Google announced this week that it would be changing the way it displays PPC ads on its search results pages. Google will no longer be displaying PPC ads on the right hand side of the SERPs!
As of now PPC ads will be displayed as a block of 4 ads at the top of the page and a block of 3 ads at the bottom of the page.
Please see below examples of this:
Top results
The Good
New opportunity for paid advertisers
According to research by Iprospect, which is summarised in a search engine land blog post [can be found here] the ads at the top of results gain a 14x higher click through rate than the same advert when it had appeared on the right hand side.
This means if your strategy had been to place your ads in the ‘goldilocks spot’ of the top right hand side your ad will more often than not now appear in the top 4 banner positions moving forward. This means your ad will now get a better CTR, which helps improve your quality score and ultimately lower your cost per click.
Ad Extensions really come into play
Ad extensions allow you to add more information to your advert to help it stand out from competitor’s ads. Many ad extensions wouldn’t work on ads on the right hand side but now ads are top and bottom will be eligible to appear a lot more often. This makes the information you present in your ad extensions and the quality of it even more important moving forward as they can really aid CTR.
The Bad
Increased CPCs
Change always causes panic and as this change involves the amount of ad slots available on page 1 dropping from between 9 & 11 to a max of 7, this is likely going to result in advertisers increasing bids to maintain ad position and impression share. As mentioned for above for some this increase may be mitigated by a increase in QS but many are going to see CPCs raise. The only real winner in this instance here is Google.
Organic traffic may suffer
In the same article we linked to further up in this post; a brand new search result page for a typical commercial search query only had 8% of the above the fold area dedicated to natural search results.
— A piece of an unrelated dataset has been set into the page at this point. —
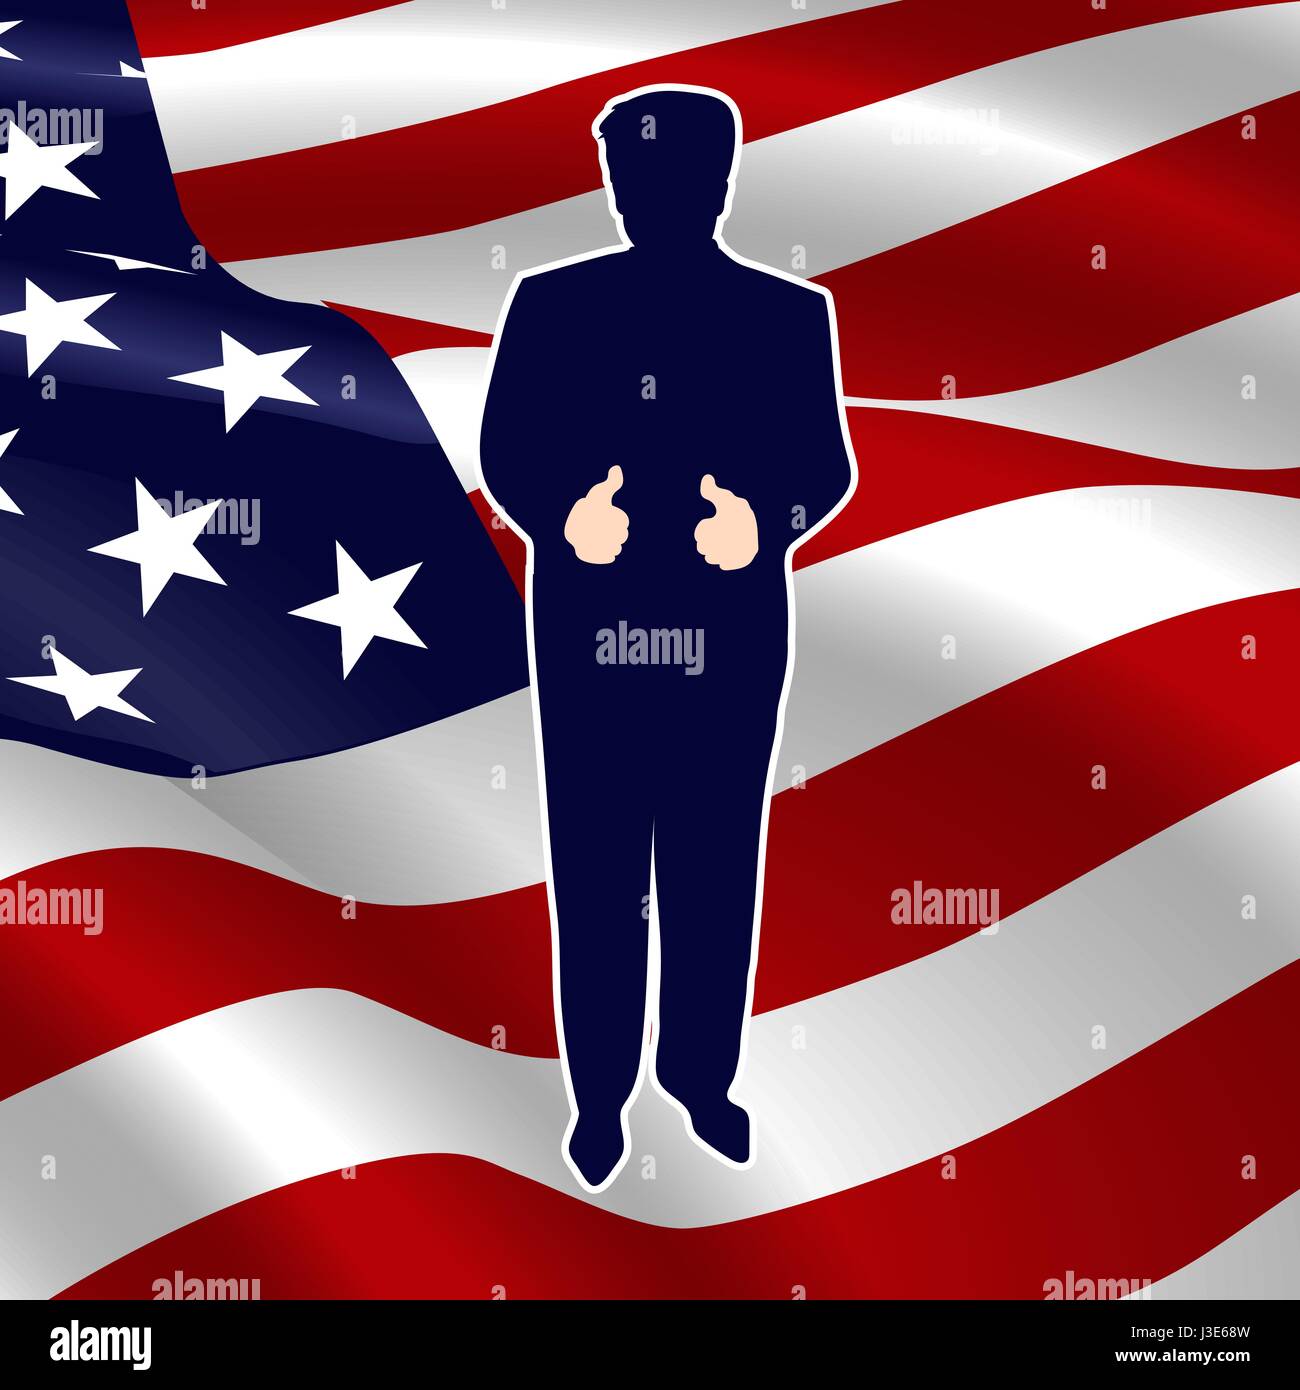 The silhouette of the President on American flag background Stock Vector

Its been documented for years how many users don’t make it below the fold so this will almost certainly prove a difficulty for SEO traffic.
What does this all mean moving forward?
PPC ads with the new display arrangement will start to take a larger percentage of search traffic meaning if you’re not using paid ads on Google it may now have to be considered to ensure traffic levels from Google remain the same.
However, with CPC rises [almost certainly in the short term] the battle to win paid traffic is about to get more ferocious and expensive.
This ultimately means a joined up digital marketing solution is going to be more important than ever!